Il toccu che si legge “tuccu” in dialetto genovese -, letteralmente tocco di carne è assieme al pesto genovese, la salsa di noci, la salsa d’aglio e la salsa di pinoli uno dei sughi tradizionali che fanno parte del patrimonio della gastronomia ligure

In Italia ci sono molte varianti di quello che internazionalmente è conosciuto con ragù. Questa salsa, come in tanti piatti della tradizione regionale italiana, è legata al microcosmo che si è sviluppato intorno ai territori e ai suoi prodotti. 

Se il più conosciuto è il ragù bolognese, anche all’estero, il toccu è a pieno titolo la versione tradizionale genovese.
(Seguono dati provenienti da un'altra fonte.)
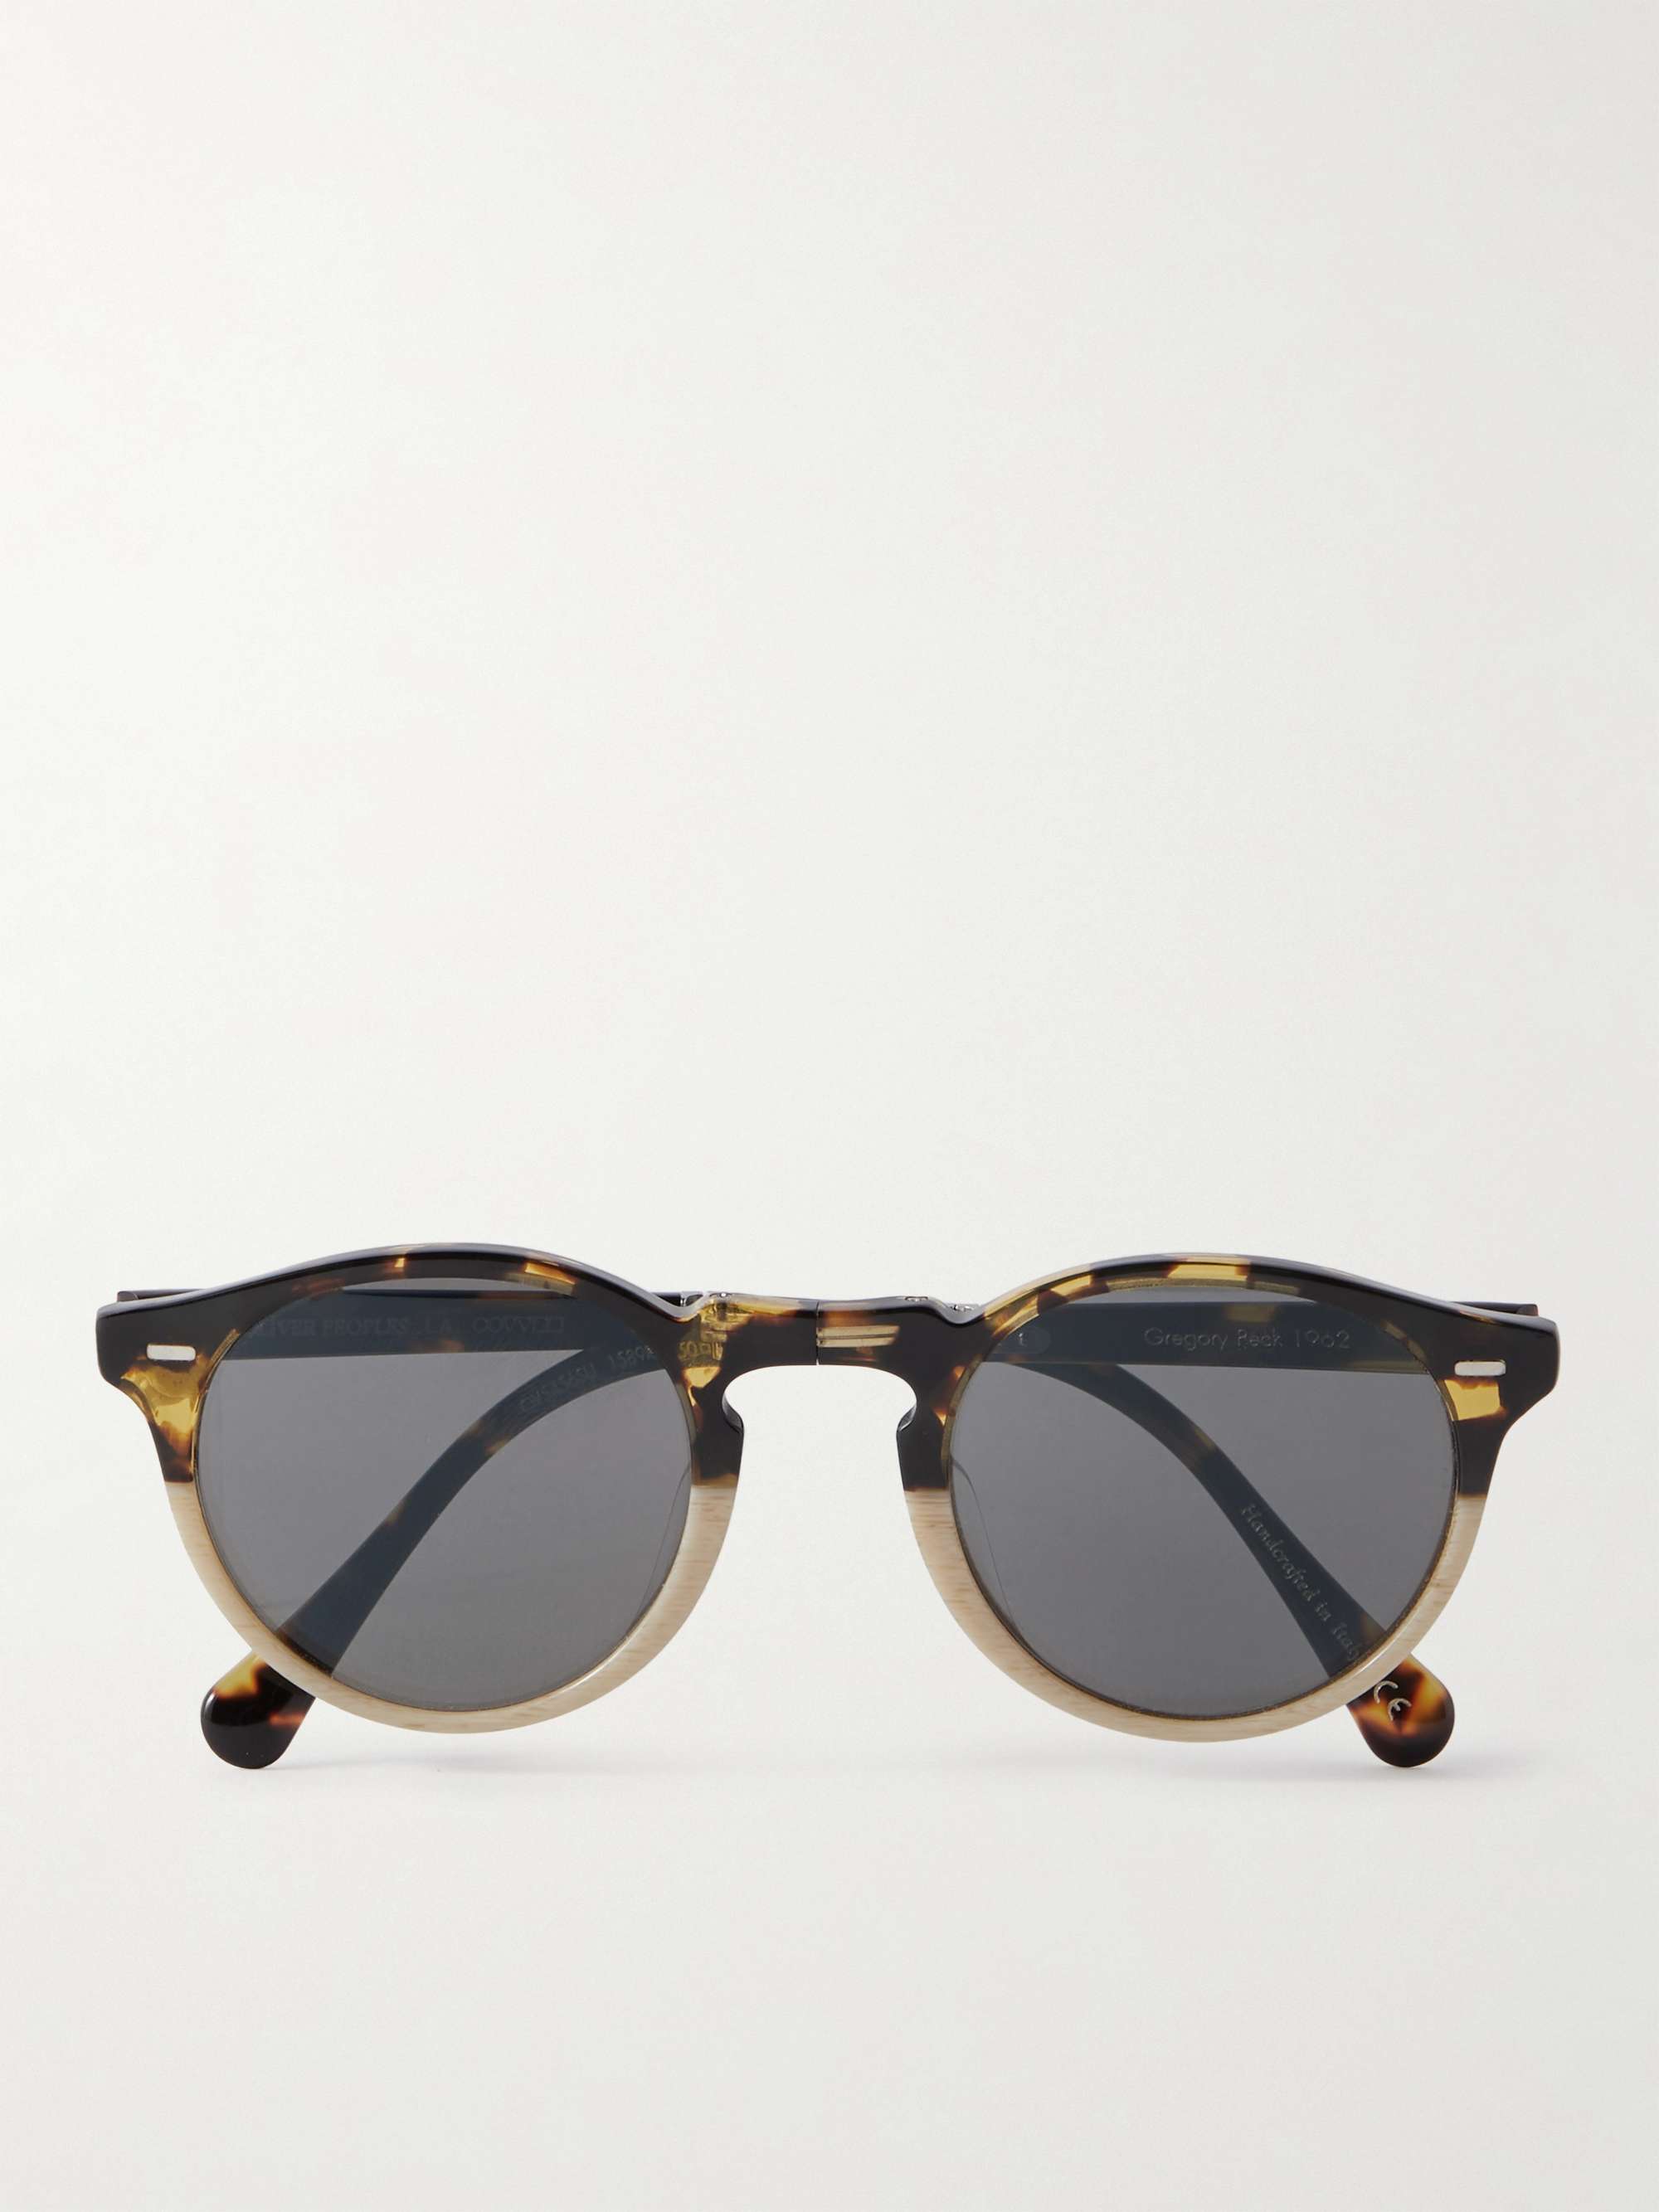 OLIVER PEOPLES Gregory Peck 1962 Foldable Round-Frame Acetate Sunglasses

La preparazione di questa salsa è arrivata ai giorni nostri grazie alla trasmissione orale, di generazione in generazione, delle famiglie liguri. Il toccu è sempre stato il sugo per eccellenza delle feste e il condimento ideale per i ravioli si accompagna molto bene anche con i taglierini o i croxetti -quest’ultimi sono un formato di pasta tipicamente ligure-.

Ma vieniamo alla nostra ricetta!

TOCCU GENOVESE, CHE INGREDIENTI USARE? (per 4 persone)

  • 6 etti di carne di vitello intera*
  • 30 gr. funghi porcini secchi 
  • 20 gr. pinoli
  • 2-3 carote (secondo la grandezza)
  • una cipolla bianca
  • un gambo di sedano
  • 1 spicchio d’aglio (facoltativo)
  • 2-3 biccheri salsa di pomodoro
  • 1 bicchere vino rosso fermo, preferibilmente ligure.
  • brodo di carne o vegetale q.b.
  • sale e pepe q.b.
il toccu genovese di ImmersioneinCucina, ingredenti principali
il toccu genovese di ImmersioneinCucina, ingredenti principali

attrezzatura da cucina

  • miniprimer o trita-tutto (facoltativo)

TAGLI SCELTI

* Per la realizzazione di questa ricetta è importante scegliere il taglio adatto di carne. Vanno bene le parte del bovino adatti alle lunghe cotture, in grado di sciogliersi durante la cottura e più precisamente sono ideali le carni a fianco del collo dell’animale. Per non sbagliare chiedete consiglio al vostro macellaio di fiducia.

TOCCU GENOVESE, COME SI FA?

Il segreto per ottenere un buon tocco è la lunga cottura a fuoco basso, la carne deve cuocere sobbolendo leggermente. Questa preparazione richiede tempo e dedizione, non è sicuramente una ricetta per chi ha fretta.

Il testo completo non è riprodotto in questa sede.